When i proved that:
Let $(H,\|\cdot\|_q)$ be a Hilbert Space (over $\mathbb{R}$). Let $w_1\in W<H$ ($W$ is a subspace of $H$) and $v\in H$, such that $v-w_1\in W^\perp$. Prove that $w_1$ is the best approximation of $W$ to $v$ , i.e., prove that $\|w_1-v\|_q\leq \|w-v\|_q \quad \forall w\in W$
I came up with the question: Is the converse also valid?, i.e. If $w_1$ is the best approximation to $v$ of $W$, is then $v-w_1 \in W^\perp$?

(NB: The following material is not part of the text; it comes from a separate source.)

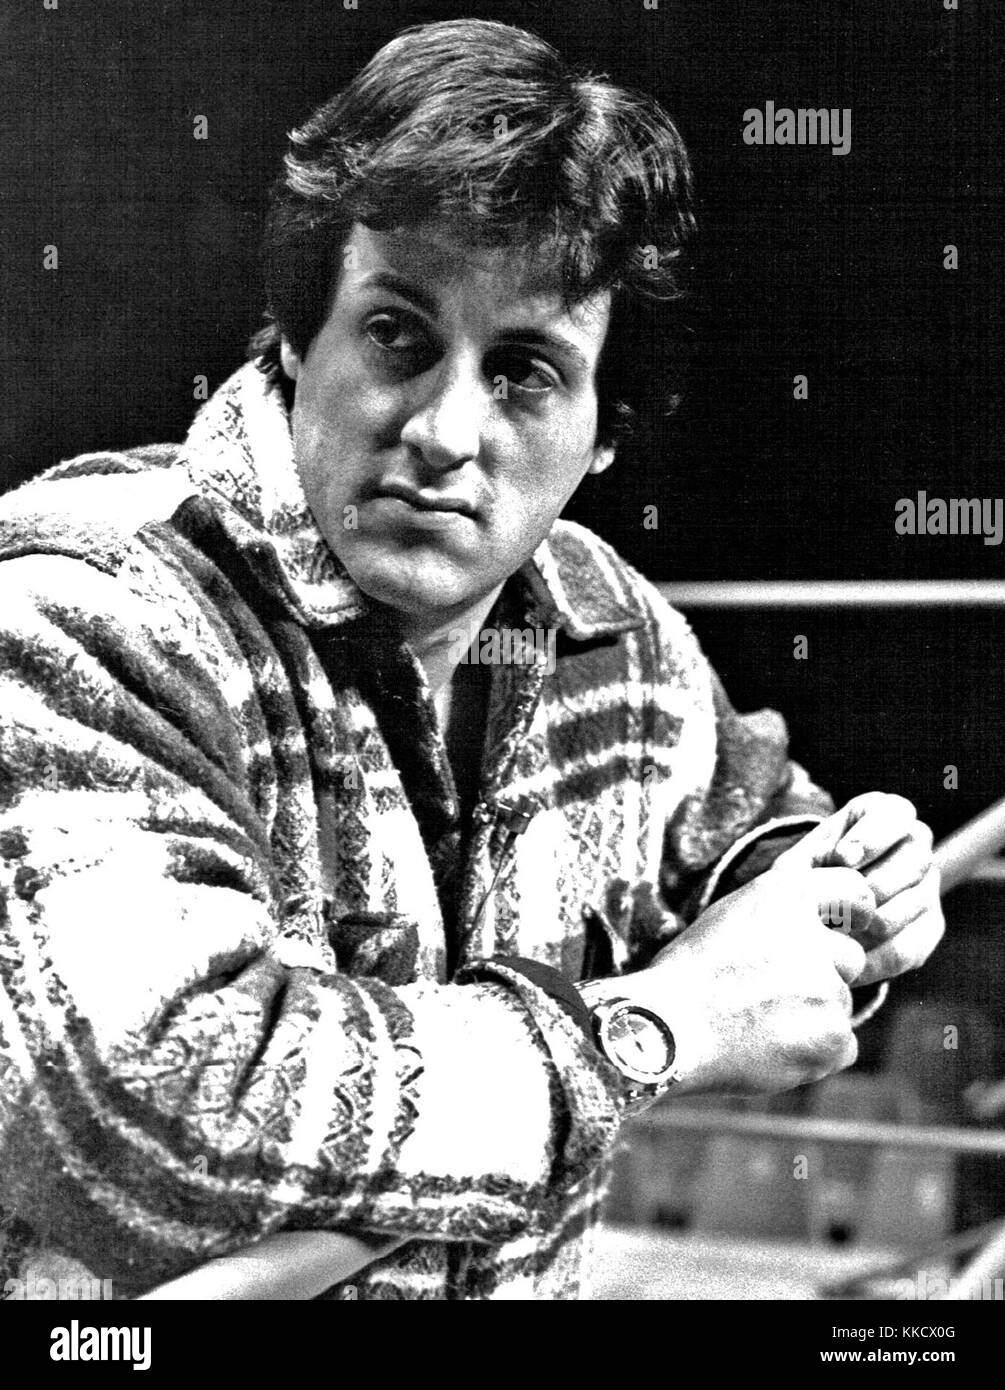 Sylvester Stallone - 1977 Stock Photo

First, I thought very specific, If I had an orthogonal set, say: $\lbrace u_1,u_2,\ldots,u_n\rbrace \subset H$, then I know that the best approximation to $v\in H$ of $W$ is $\sum_{i=1}^n q(v,u_i)u_i$ and $v-\sum_{i=1}^n q(v,u_i)u_i\in W^\perp$. But, is this true in general?, i.e. that for every Hilbert Space, and given the $v\in H$, and $W<H$, can we construct an orthogonal set such that the sum (similar to the sum above) is in $W^\perp$?
Thanks in advance.
Yes. The standard argument goes like this.
Suppose $w_1$ is the best approximation. Let $w \in W$ be arbitrary. Then for any $s \in \mathbb{R}$, we must have $\|w_1 -v\| \le \| (w_1 + sw) - v\|$. So if we set $\gamma(s) = \|w_1 + sw - v\|^2$, then $\gamma$ attains its minimum at $s=0$. Now expanding, $$\gamma(s) = \|w_1 - v\|^2 + 2 s \langle w_1 - v,w\rangle + s^2 \|w\|^2$$ from which it is clear that $\gamma$ is smooth in $s$ and its derivative is $$\gamma'(s) = 2 \langle w_1 - v,w \rangle + 2 s \|w\|^2.$$ Since it attains a minimum at $s=0$, we must have $$0 = \gamma'(0) = 2 \langle w_1 - v,w \rangle$$ so that $w_1 - v$ is orthogonal to $w$. But $w \in W$ was arbitrary.